Data for the task:
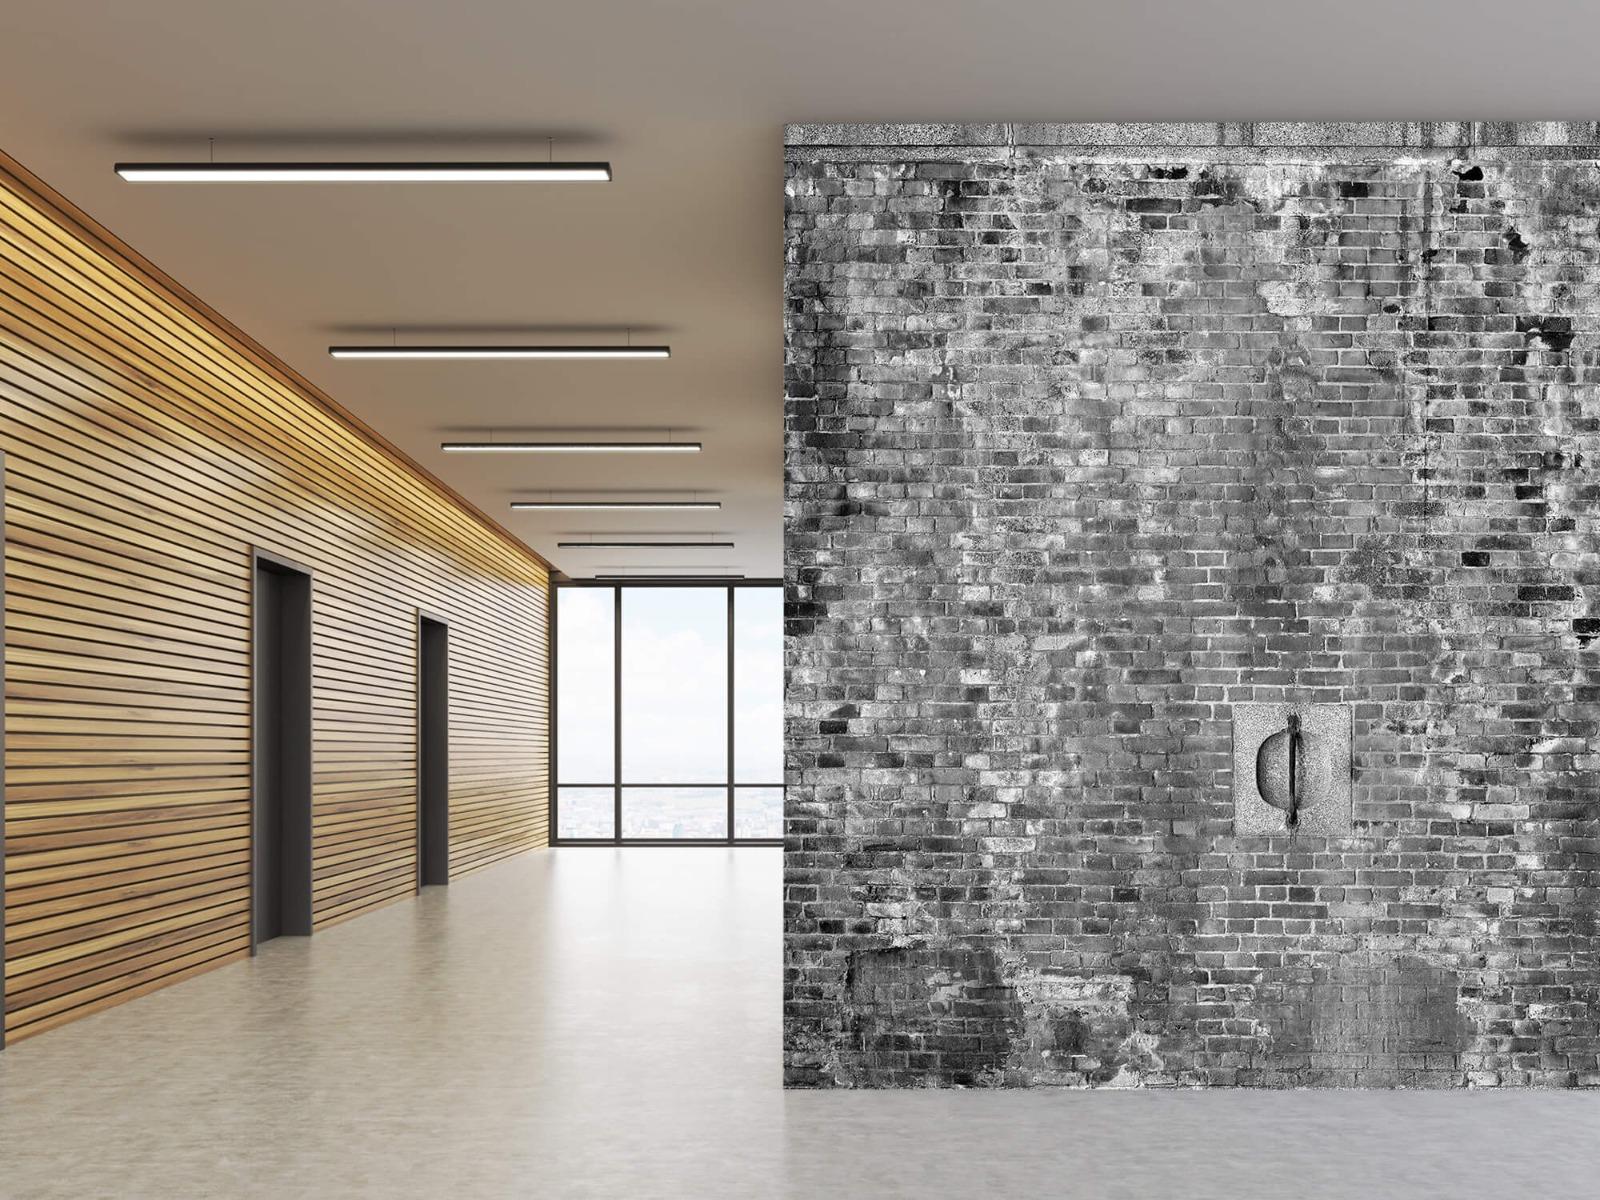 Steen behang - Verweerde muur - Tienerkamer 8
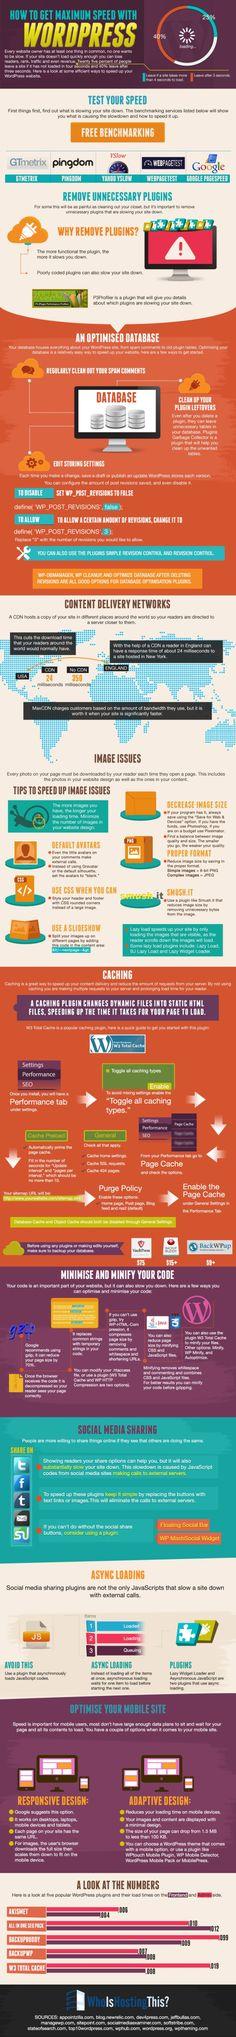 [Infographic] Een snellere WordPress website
...
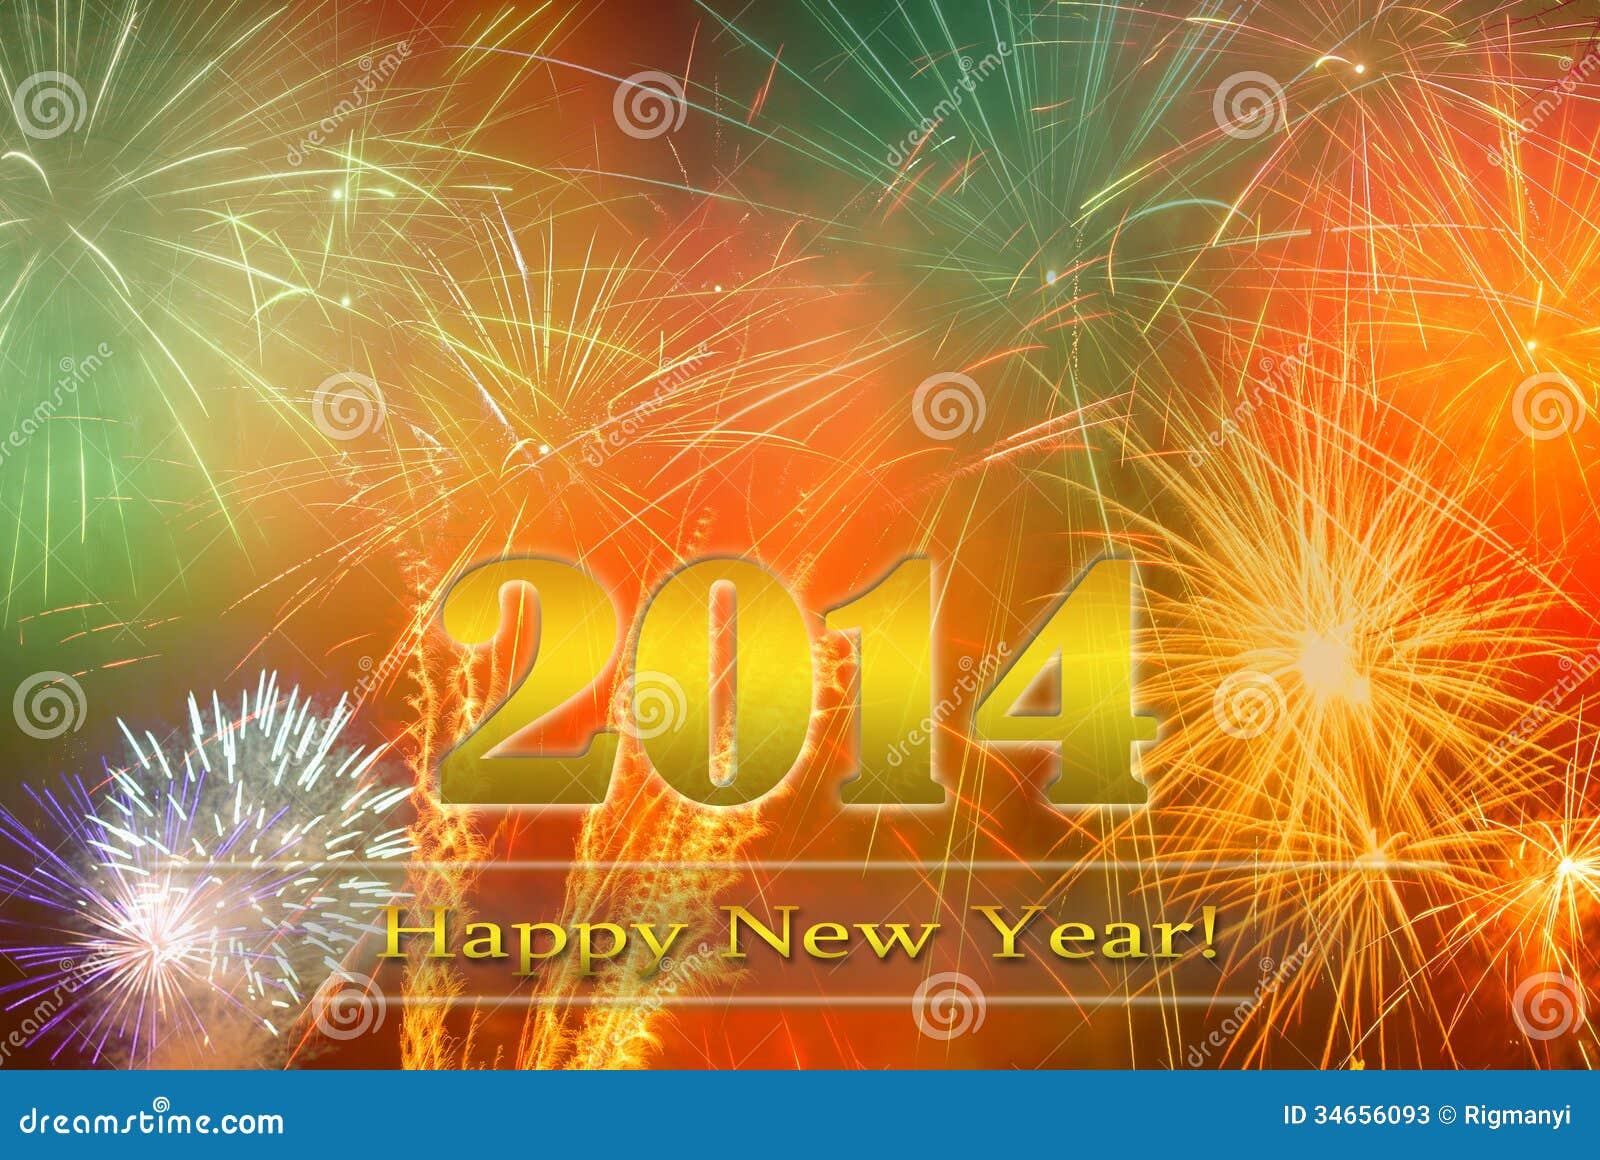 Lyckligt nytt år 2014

Work to be completed: Would you please reproduce the entries above, starting at the line with "Steen behang - Verweerde" and stopping after the line with "[Infographic] Een snellere WordPress website"? Omit any pictures.

Solution to the problem:
 Steen behang - Verweerde muur - Tienerkamer 8
 [Infographic] Een snellere WordPress website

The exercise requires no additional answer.